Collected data
____
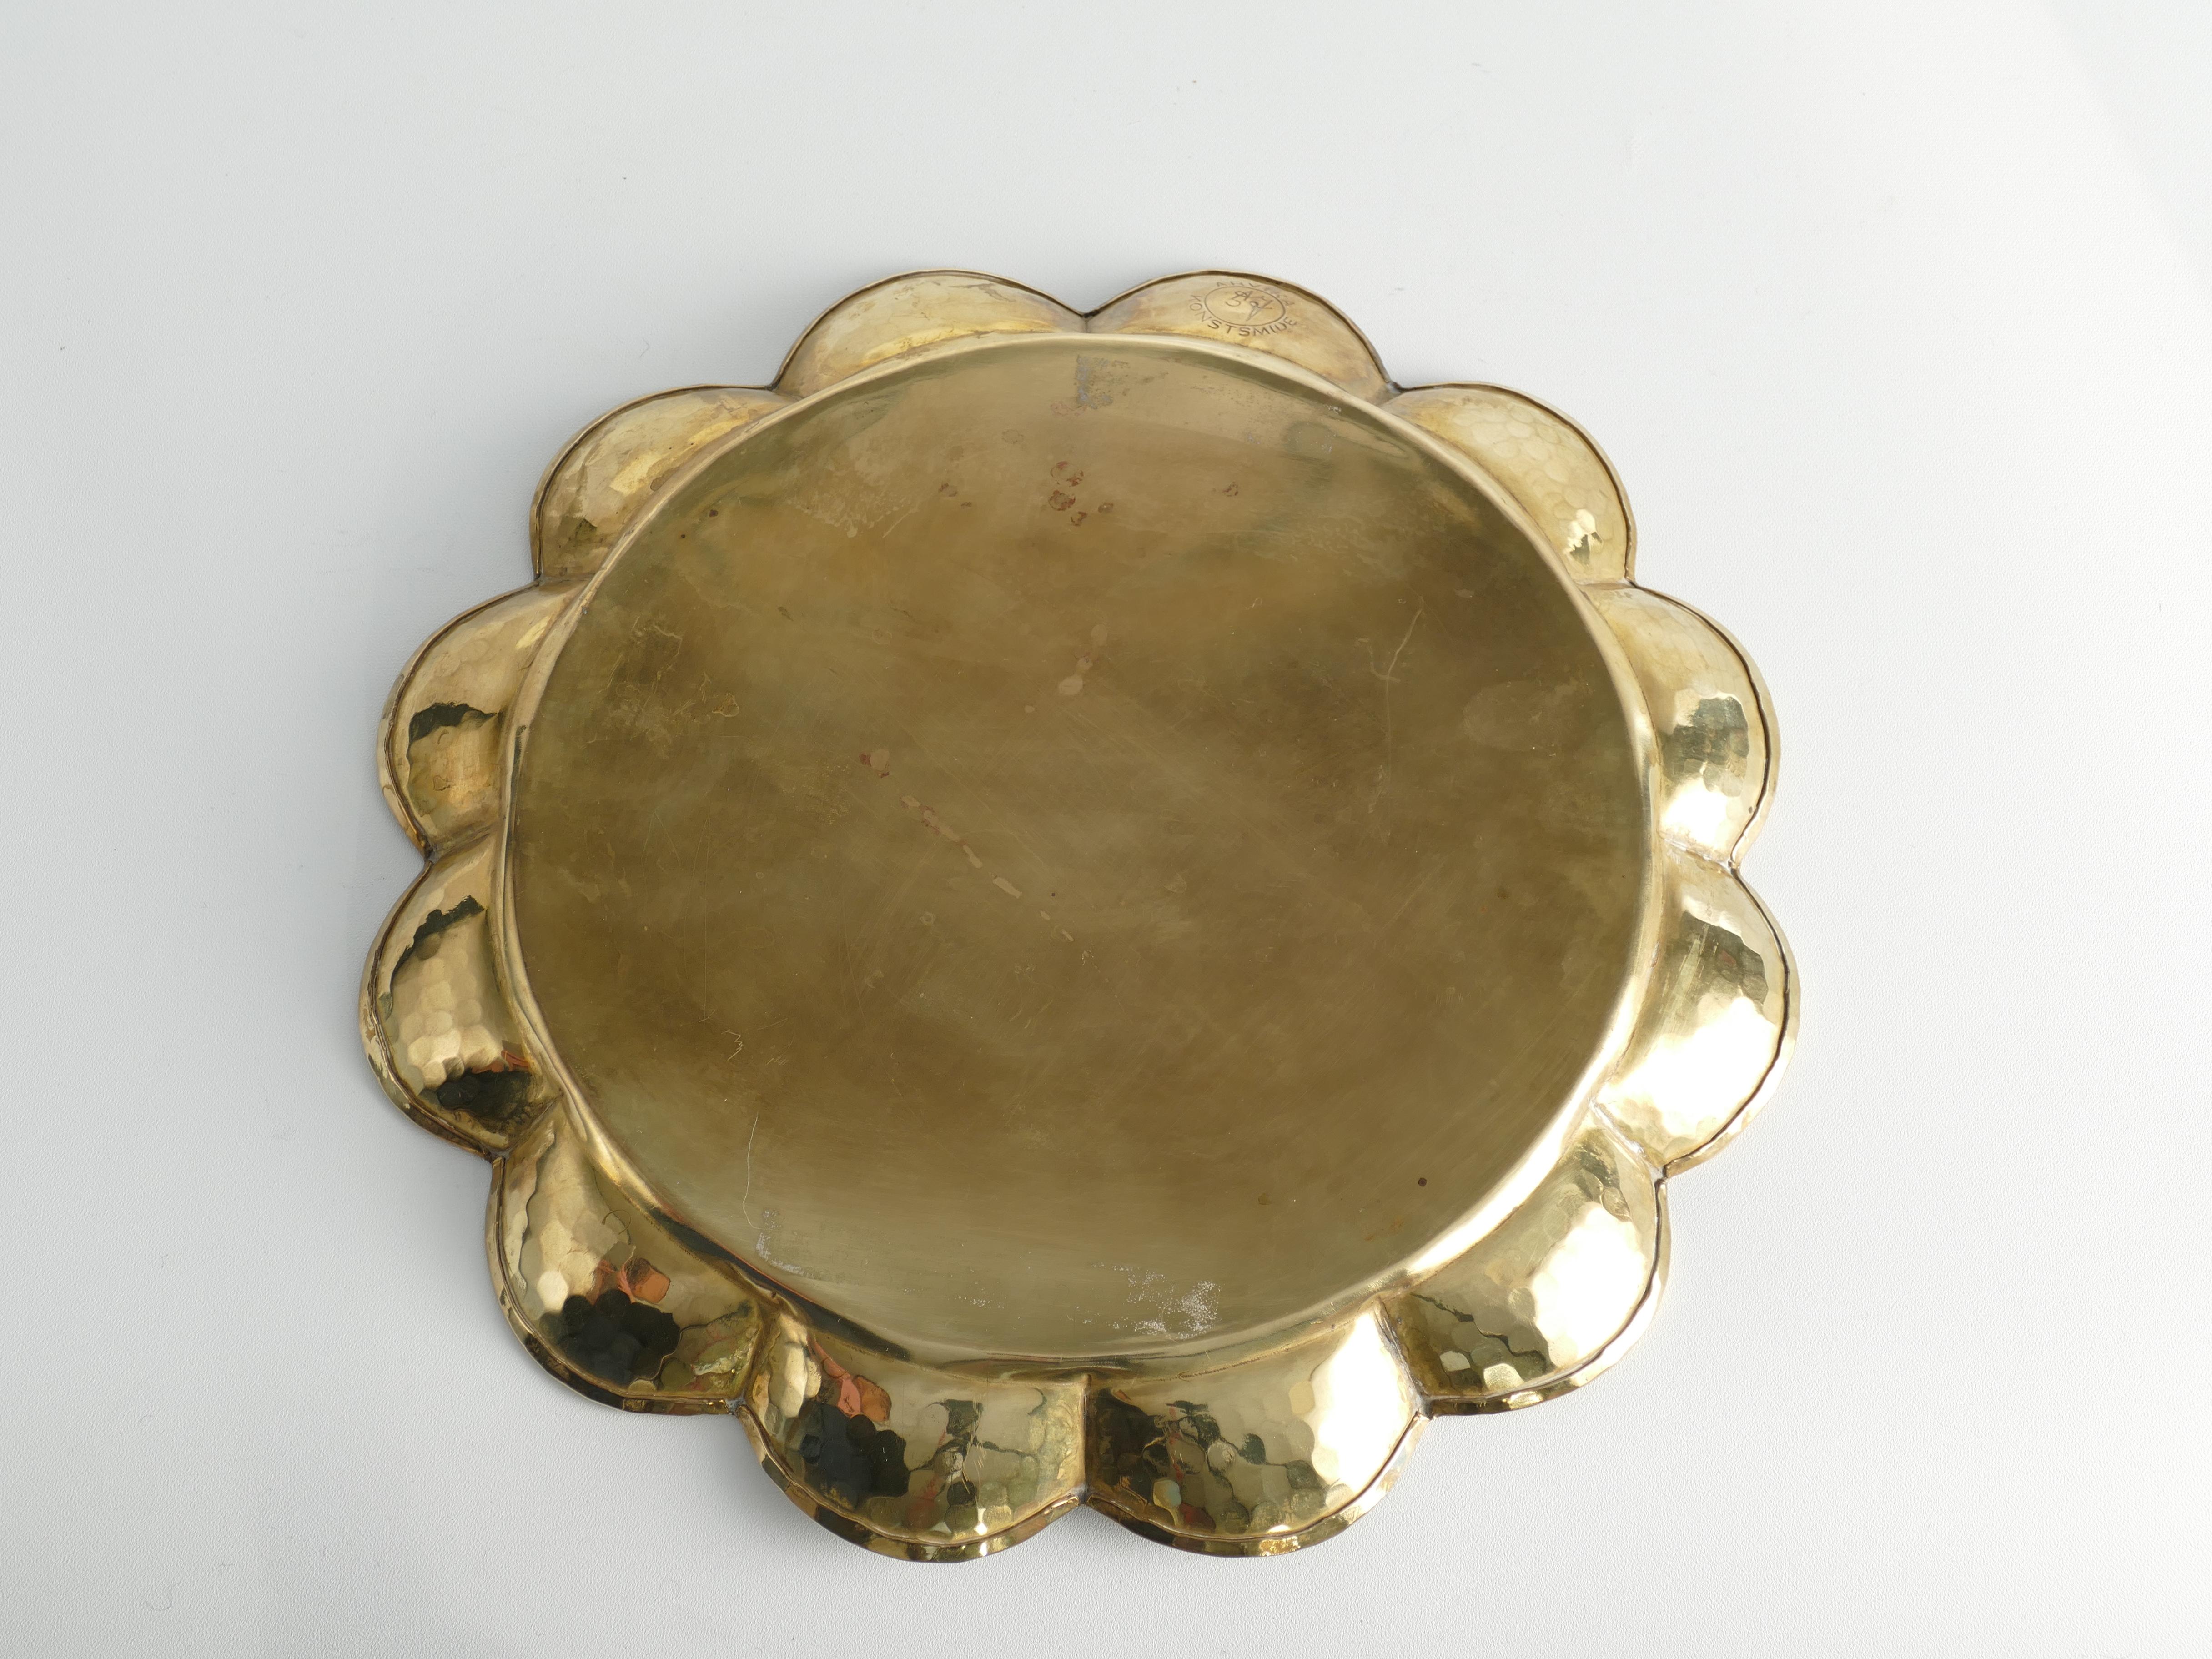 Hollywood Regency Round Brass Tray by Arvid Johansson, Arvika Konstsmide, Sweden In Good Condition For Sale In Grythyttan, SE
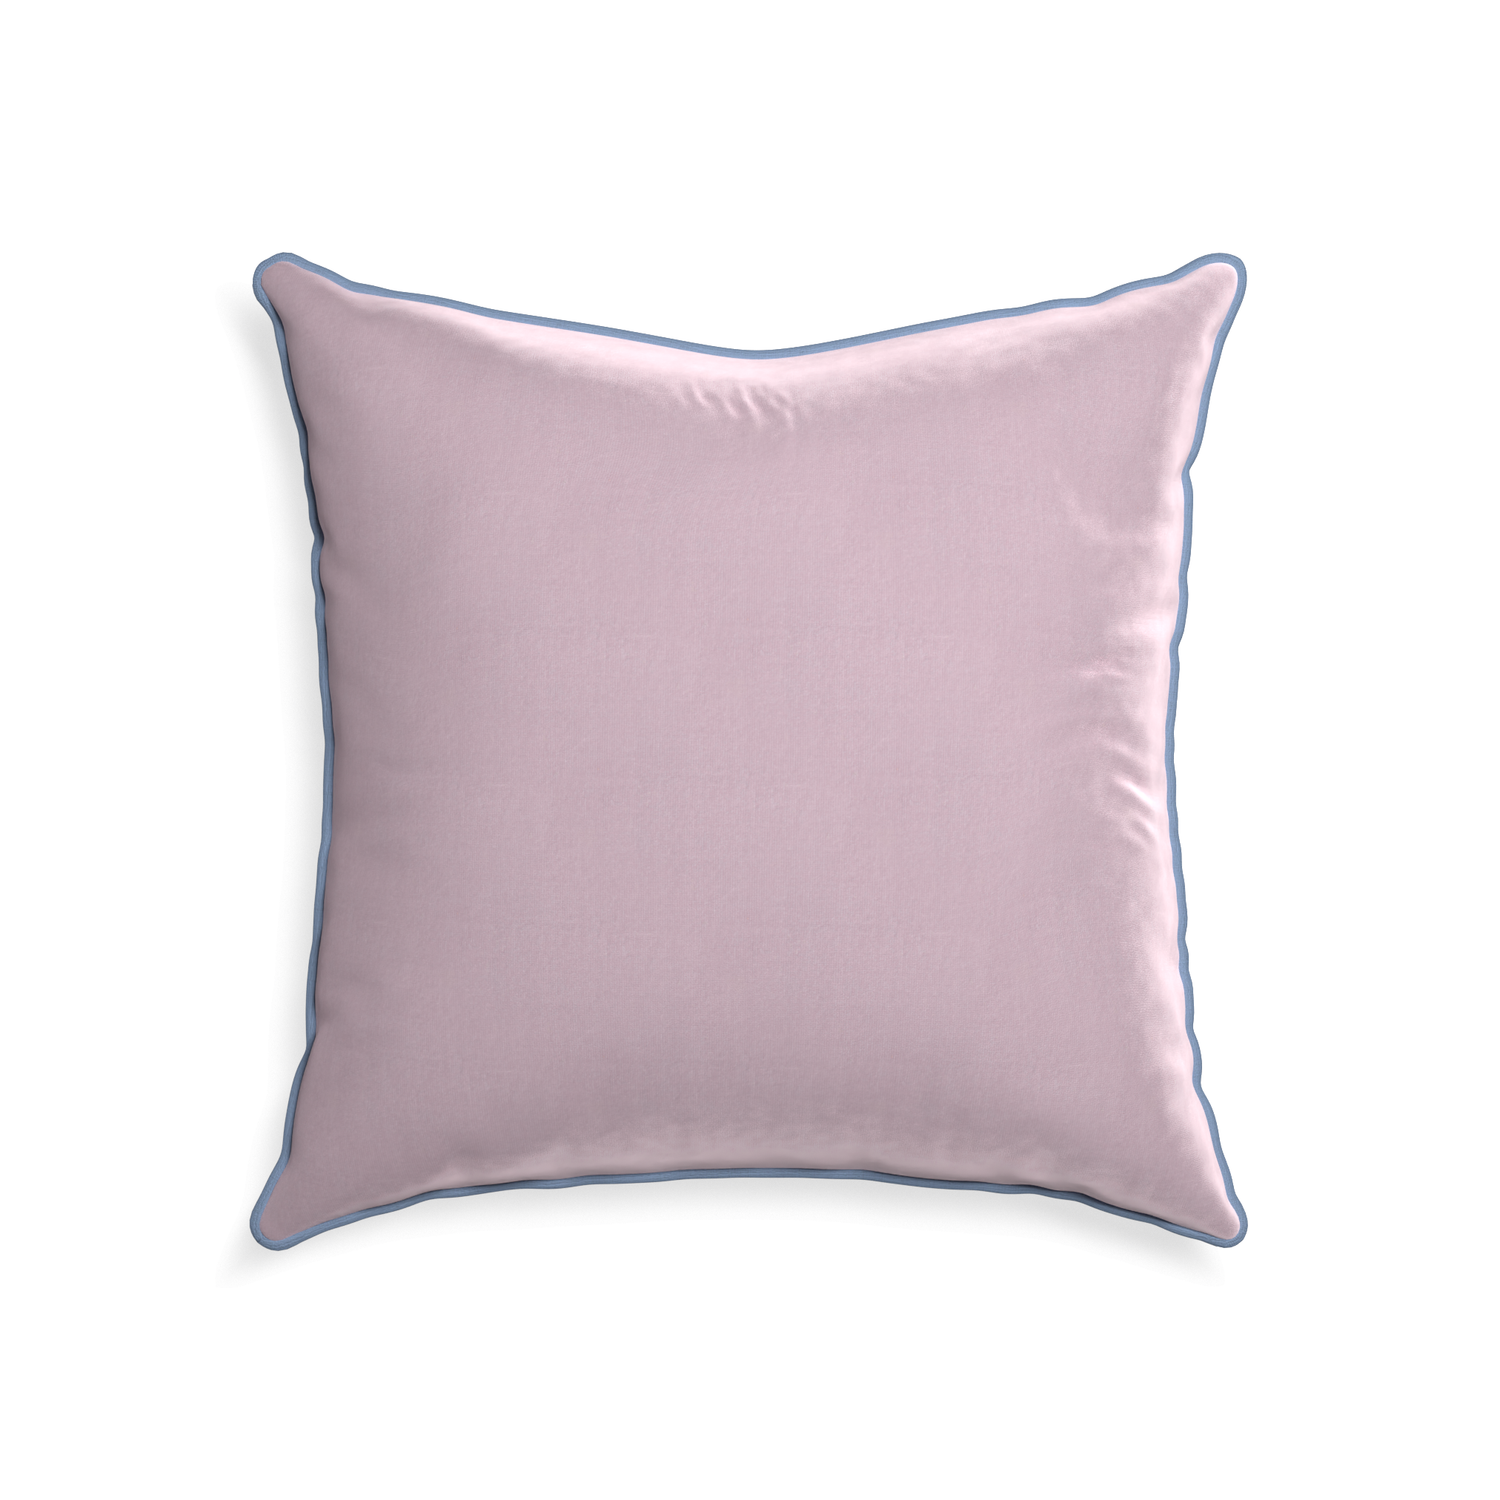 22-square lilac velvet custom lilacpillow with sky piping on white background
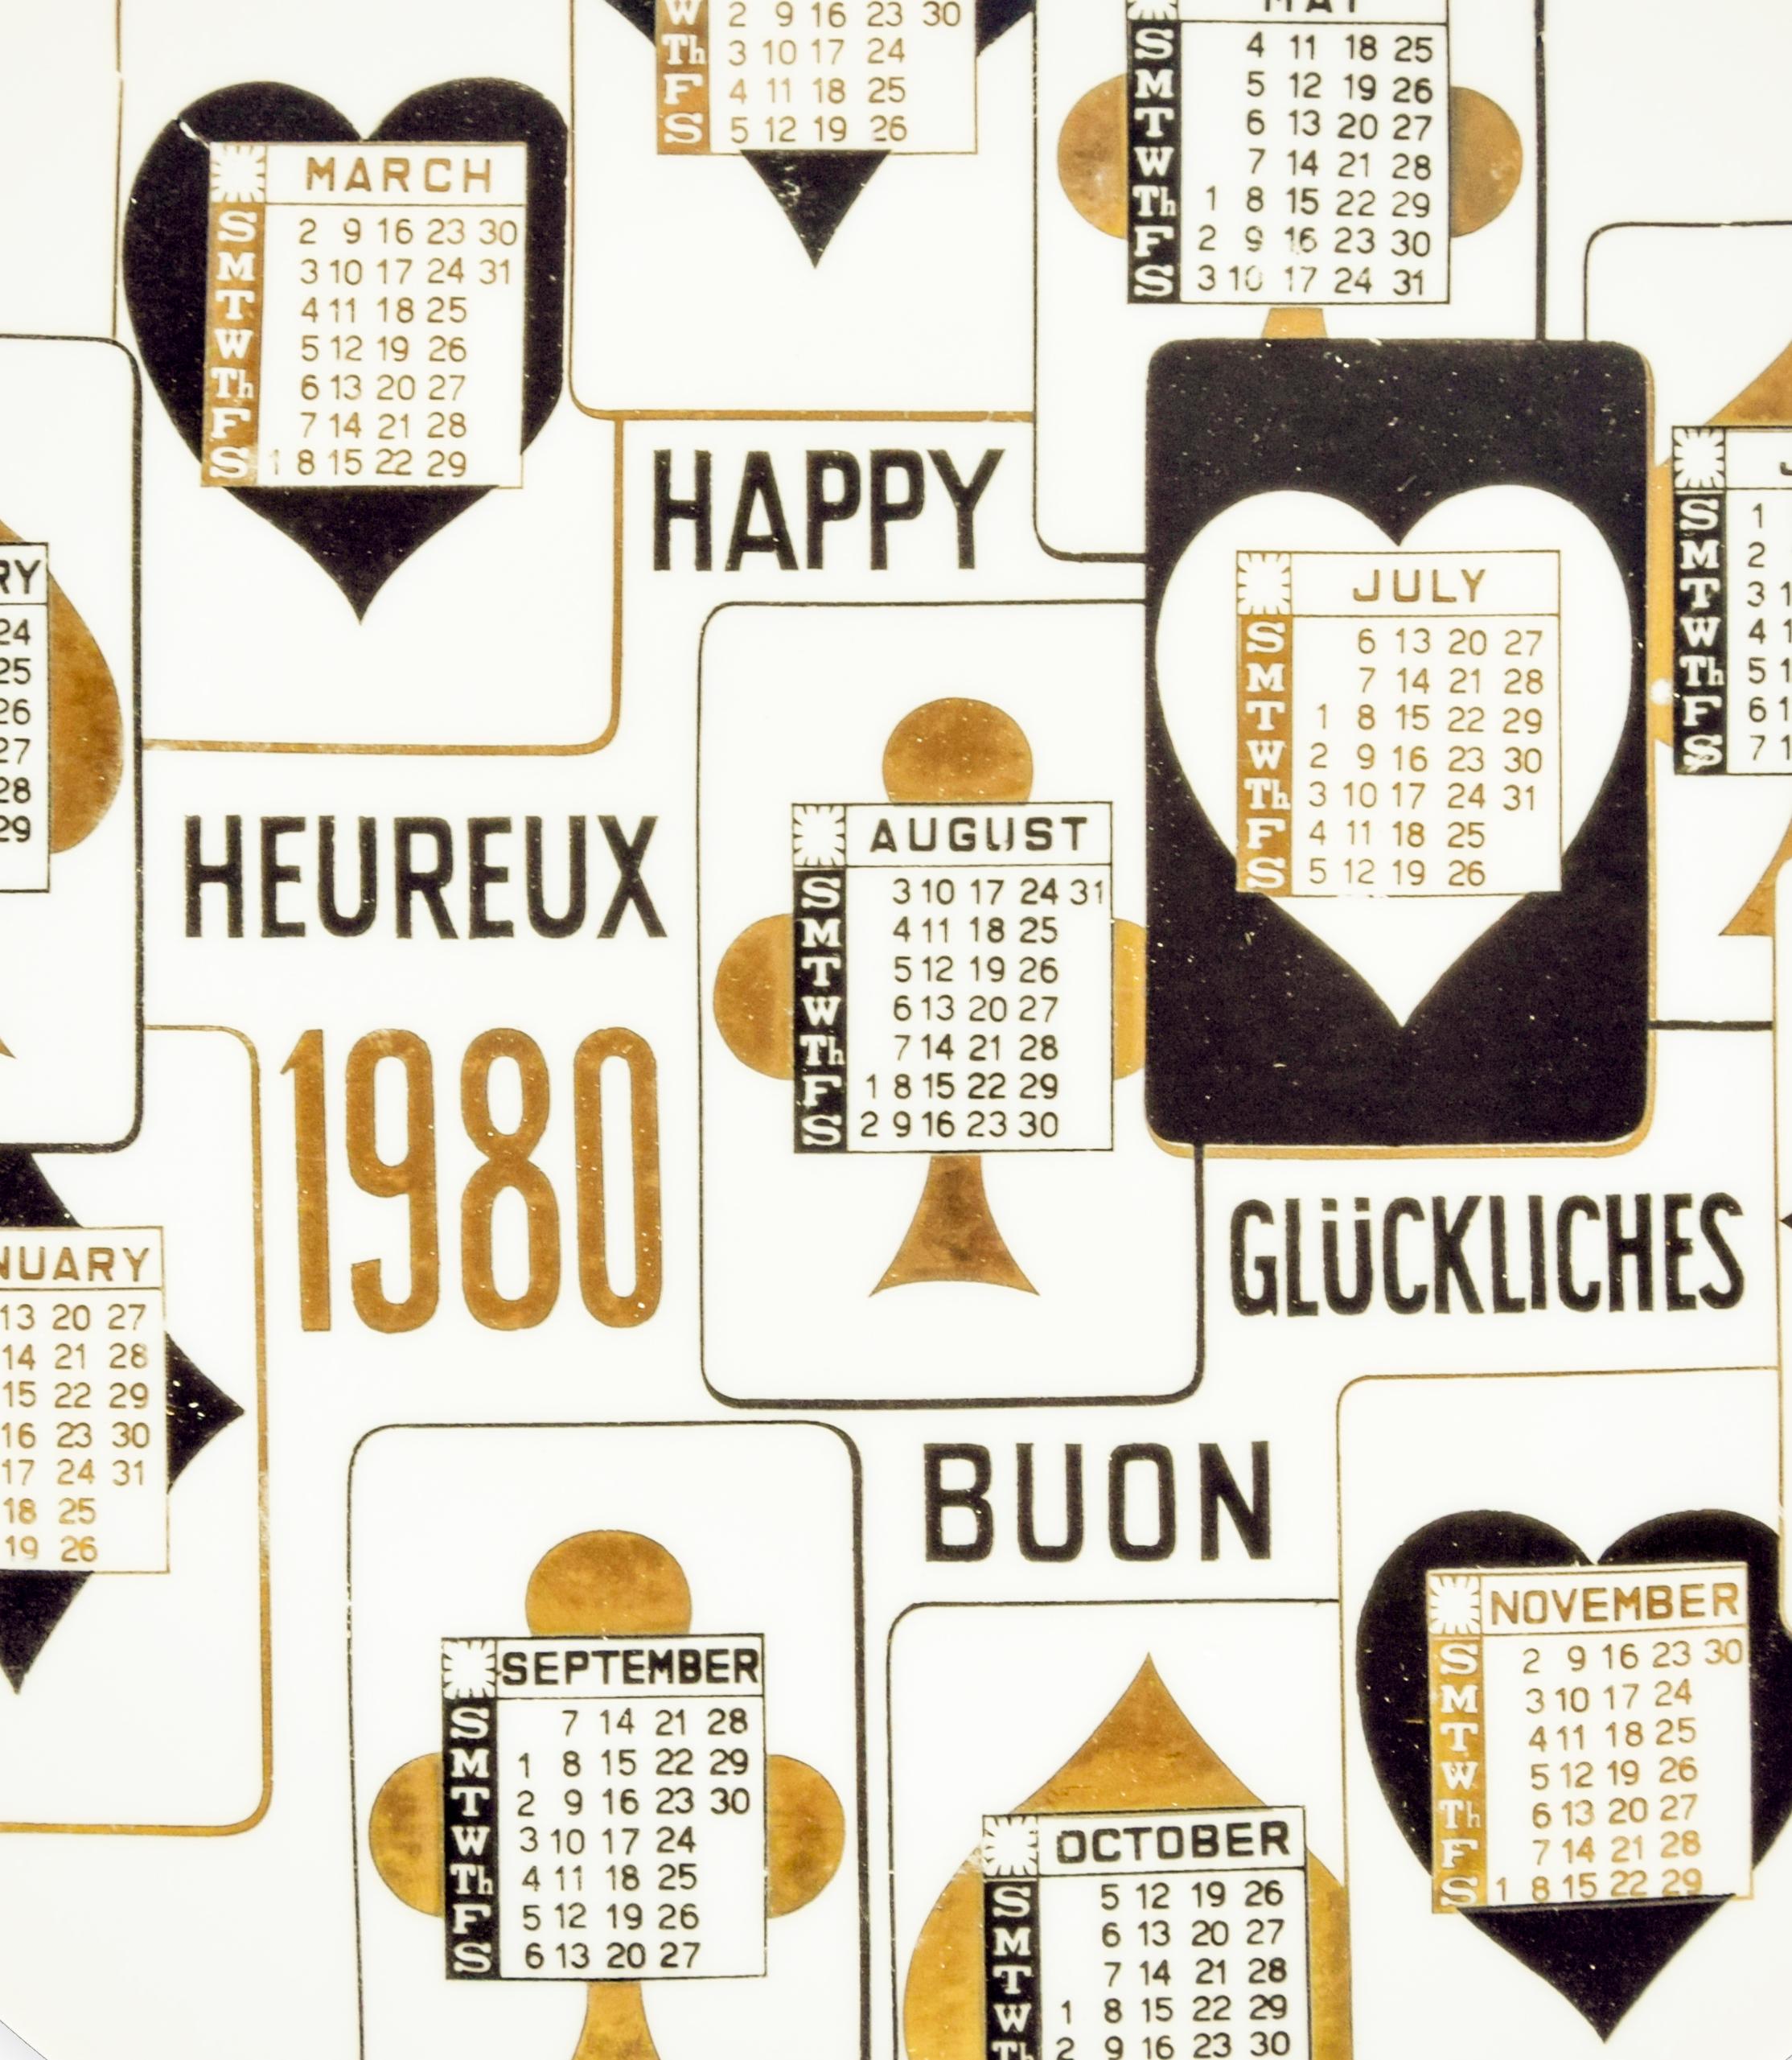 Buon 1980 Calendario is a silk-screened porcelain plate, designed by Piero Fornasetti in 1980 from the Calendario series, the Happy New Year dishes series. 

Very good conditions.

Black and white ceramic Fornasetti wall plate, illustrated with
____
## Work instructions:
Only the lines from the one containing "22-square lilac velvet" through the end of the records are wanted, set down exactly and without their pictures.

## Finished task:
 22-square lilac velvet custom lilacpillow with sky piping on white background
 Buon 1980 Calendario is a silk-screened porcelain plate, designed by Piero Fornasetti in 1980 from the Calendario series, the Happy New Year dishes series. 

Very good conditions.

Black and white ceramic Fornasetti wall plate, illustrated with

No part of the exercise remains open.